Study of optical and dielectric constants of hybrid SnO2 electrospun nanostructures

The aim of this paper was to prepare SnO2 nanowires using electrospinning and calcination processes from a poly(vinylpyrrolidone), dimethylformamide, ethanol and tin(IV) chloride pentahydrate solution. The composite PVP/SnCl4 nanofibers obtained via electrospinning method were dried and calcined in a vacuum to remove the polymer matrix at a temperature of 500 °C for 10 h. Three types of nanowires with a polymer to precursor ratios of 2:1, 1:1, 1:3 were produced. The morphology and chemical composition of as-spun PVP/SnCl4 nanofibers and SnO2 nanowires obtained after heat treatment were carried out using a scanning electron microscope (SEM) with an energy-dispersive spectrometer (EDX). The Fourier-transform infrared spectroscopy (FTIR) spectra of the prepared nanomaterials were also investigated. To determine the topography of PVP/SnCl4 nanofibrous mats, an atomic force microscope (AFM) was used. A 100-fold measurement of the nanowire size showed that, depending on the amount of precursor in the spinning solution, nanowires with diameters ranging from 20 to 260 nm were obtained. The optical property analysis was performed on the basis of absorbance spectra recorded over UV–Vis spectral range. The complex refractive index n and complex dielectric permeability ε of obtained tin oxide nanowires were determined as a function of the radiation energy.
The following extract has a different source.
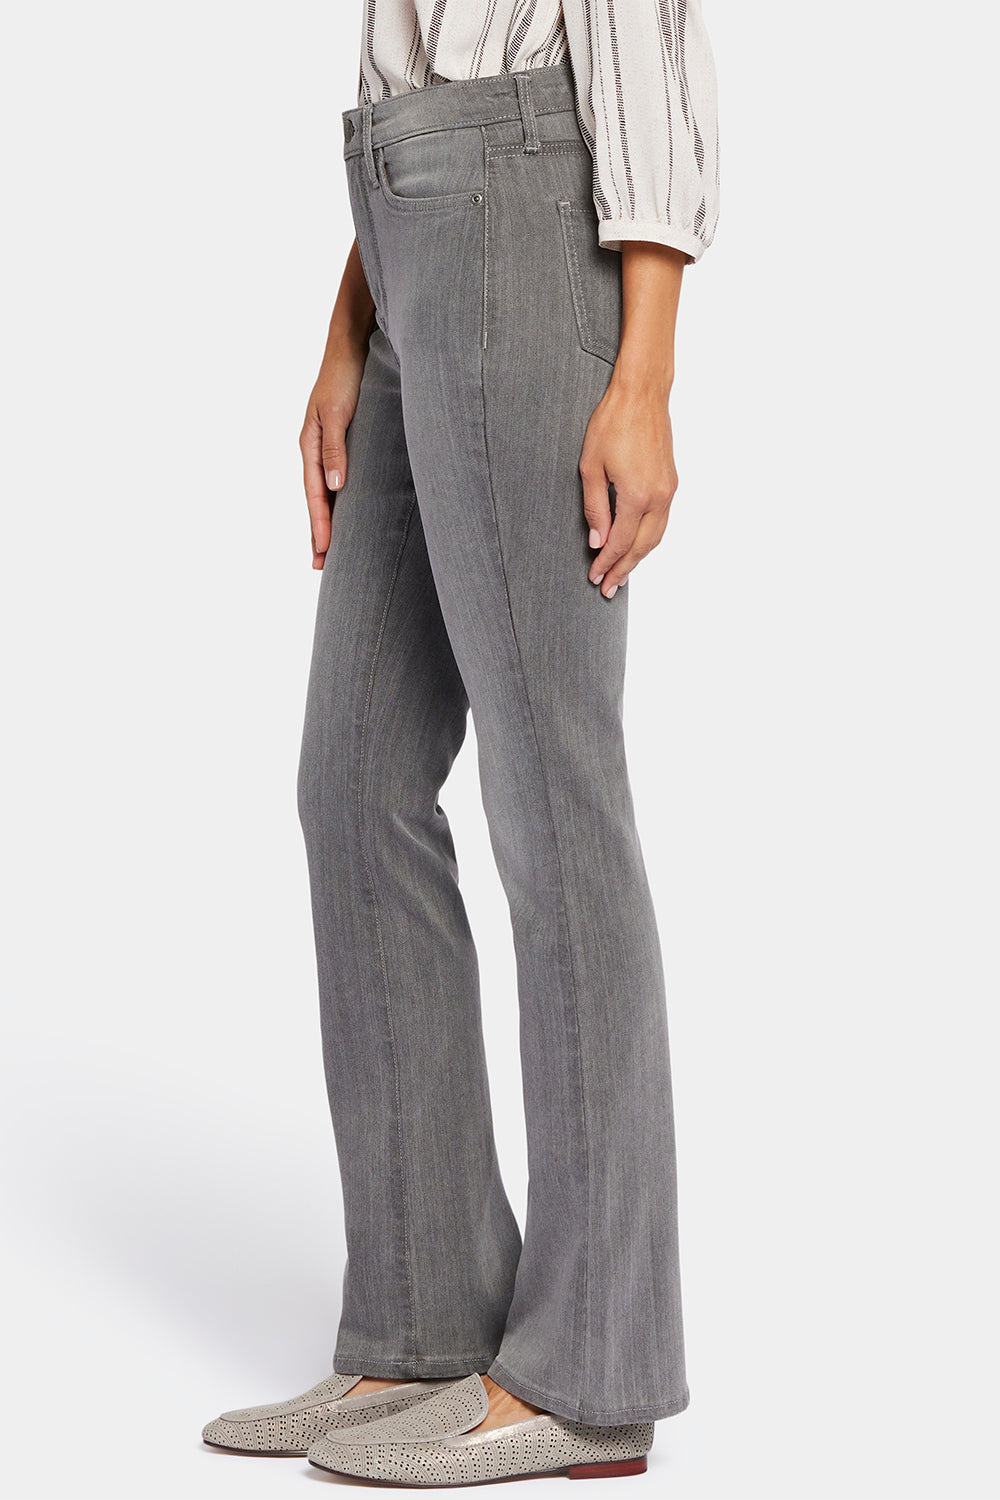 Billie Mini Bootcut Jeans In Sure Stretch® Denim With High Rise - Parade  Grey | NYDJ

Depending on the precursor content in spinning solution, the one-dimensional SnO2 nanostructures were characterised by a refractive index in the range of 1.51–1.56, whereas the dielectric constant ranged from 2.26 to 2.30. The optical properties and the structure of one-dimensional SnO2 nanomaterials allow to use this type of materials in the construction of novel type photovoltaic cells and electronic devices.